I looked through the literature with no luck.

+50
data-structures bloom-filter
Mar 11 '09 at 18:18
source share
9 answers

Yes, a lossy hash table or LRUCache is an O (1) quick lookup data structure that will give false negatives - if you ask, “If I run test X,” it will tell you: “Yes, you definitely have ", or" I don’t remember. "

Sorry for the extremely rude pseudo code:

setup_test_table(): create test_table( some large number of entries ) clear each entry( test_table, NEVER ) return test_table has_test_been_run_before( new_test_details, test_table ): index = hash( test_details , test_table.length ) old_details = test_table[index].detail // unconditionally overwrite old details with new details, LRU fashion. // perhaps some other collision resolution technique might be better. test_table[index].details = new_test_details if ( old_details === test_details ) return YES else if ( old_details === NEVER ) return NEVER else return PERHAPS main() test_table = setup_test_table(); loop test_details = generate_random_test() status = has_test_been_run_before( test_details, test_table ) case status of YES: do nothing; NEVER: run test (test_details); PERHAPS: if( rand()&1 ) run test (test_details); next loop end. 
+20
Jun 15 '10 at 5:55
source share

The exact data structure that performs this task is a Direct-mapped cache and is commonly used in CPUs.

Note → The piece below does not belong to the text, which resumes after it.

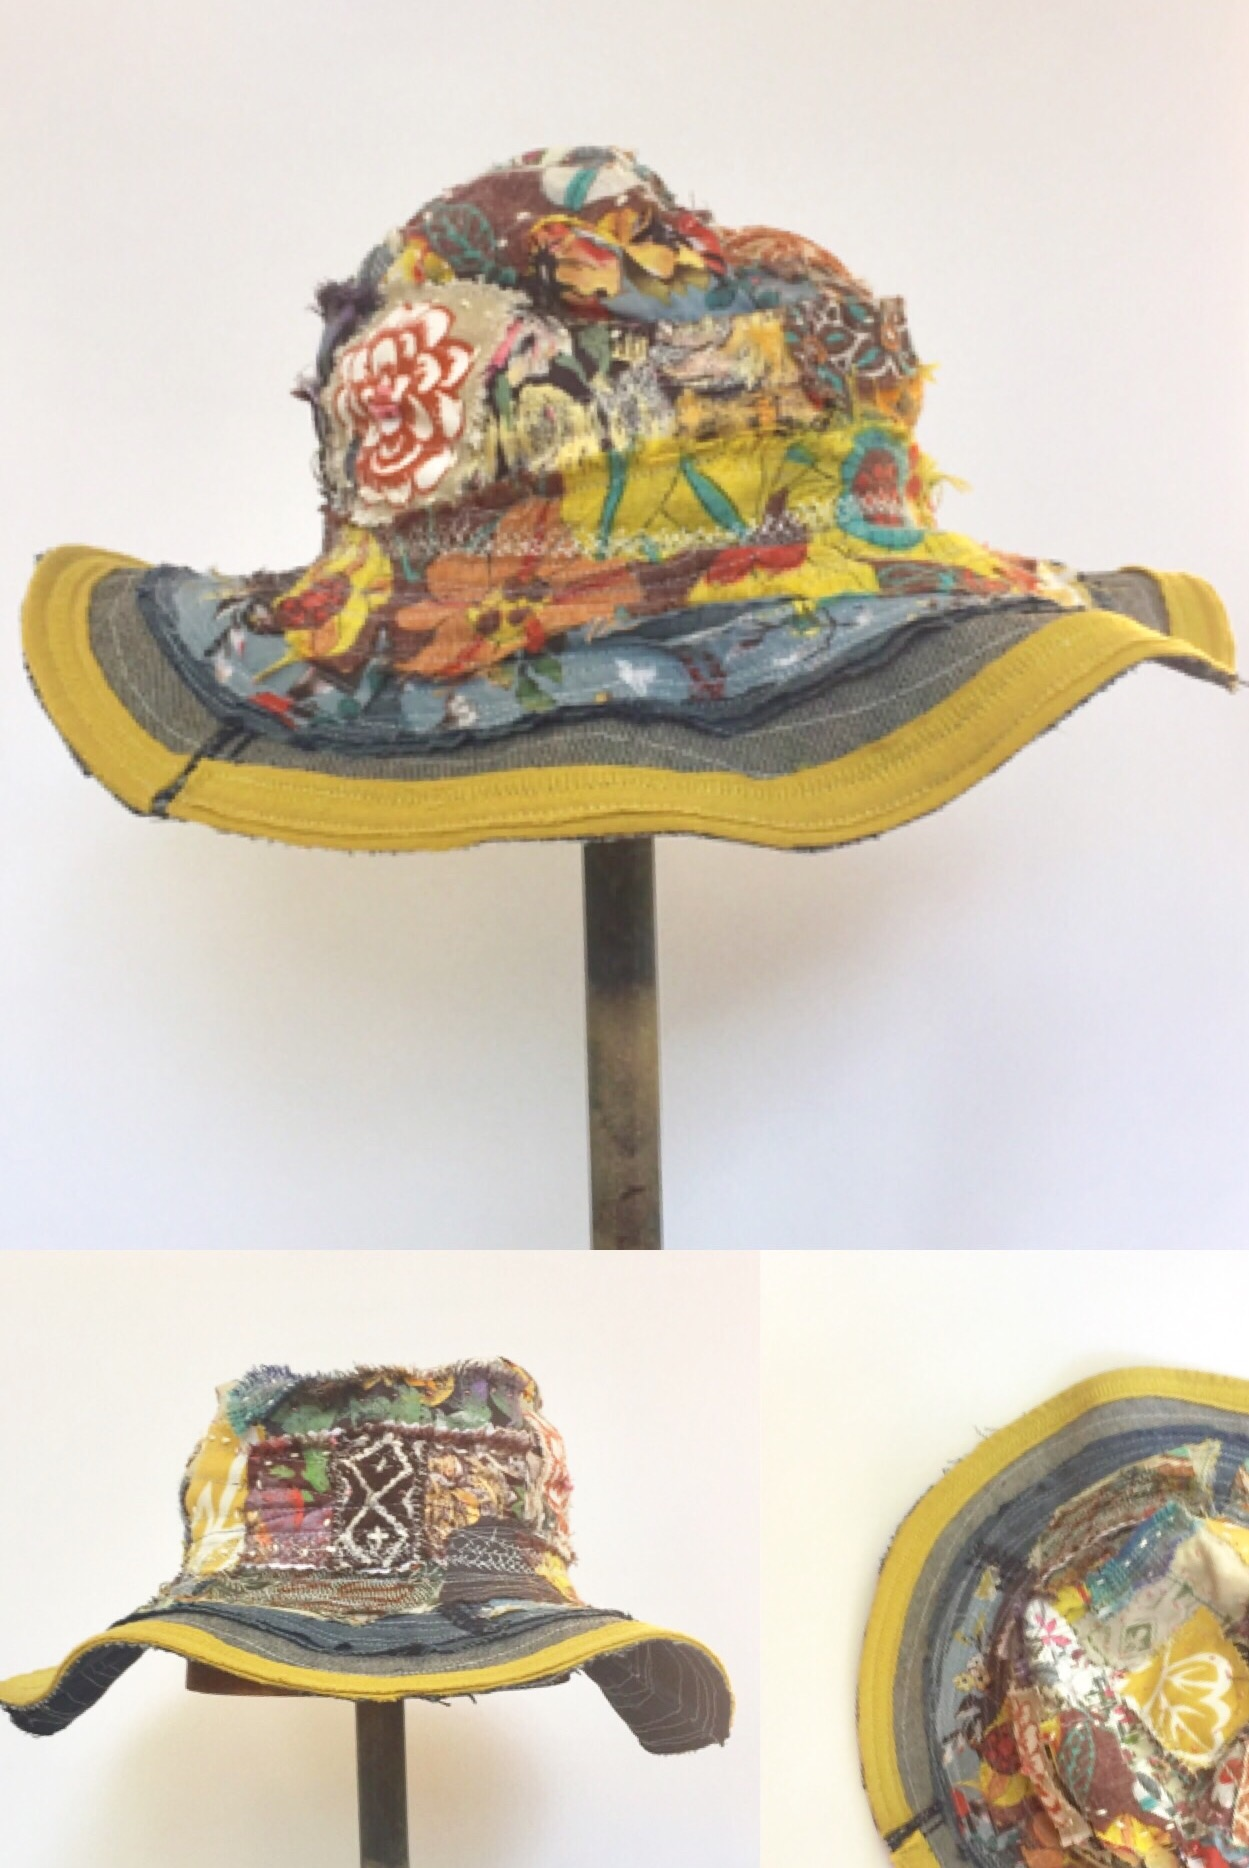 Upcycled Art: Taking the Old and Making It New | Yucandu  |Upcycled Art

 function set_member(set, item) set[hash(item) % set.length] = item function is_member(set, item) return set[hash(item) % set.length] == item 
+9
Jun 13 2018-12-12T00:
source share

Is it possible to save tests that you did not run? This should invert the filter behavior.

+6
May 09 '09 at 9:18
source share

What about LRUCache?

0
Jun 17 '09 at 6:46
source share

I'm sorry that I will not help much - I do not think that this is possible. If test execution cannot be ordered, perhaps use a packaged format (8 tests per byte!) Or a good sparse library of arrays to store the results in memory.

0
Jun 17 '09 at 7:17
source share

I think you are giving up part of the decision; to completely eliminate false positives, you still have to keep track of which ones were executed, and essentially use a flowering filter as a shortcut to identify a test that definitely didn't run.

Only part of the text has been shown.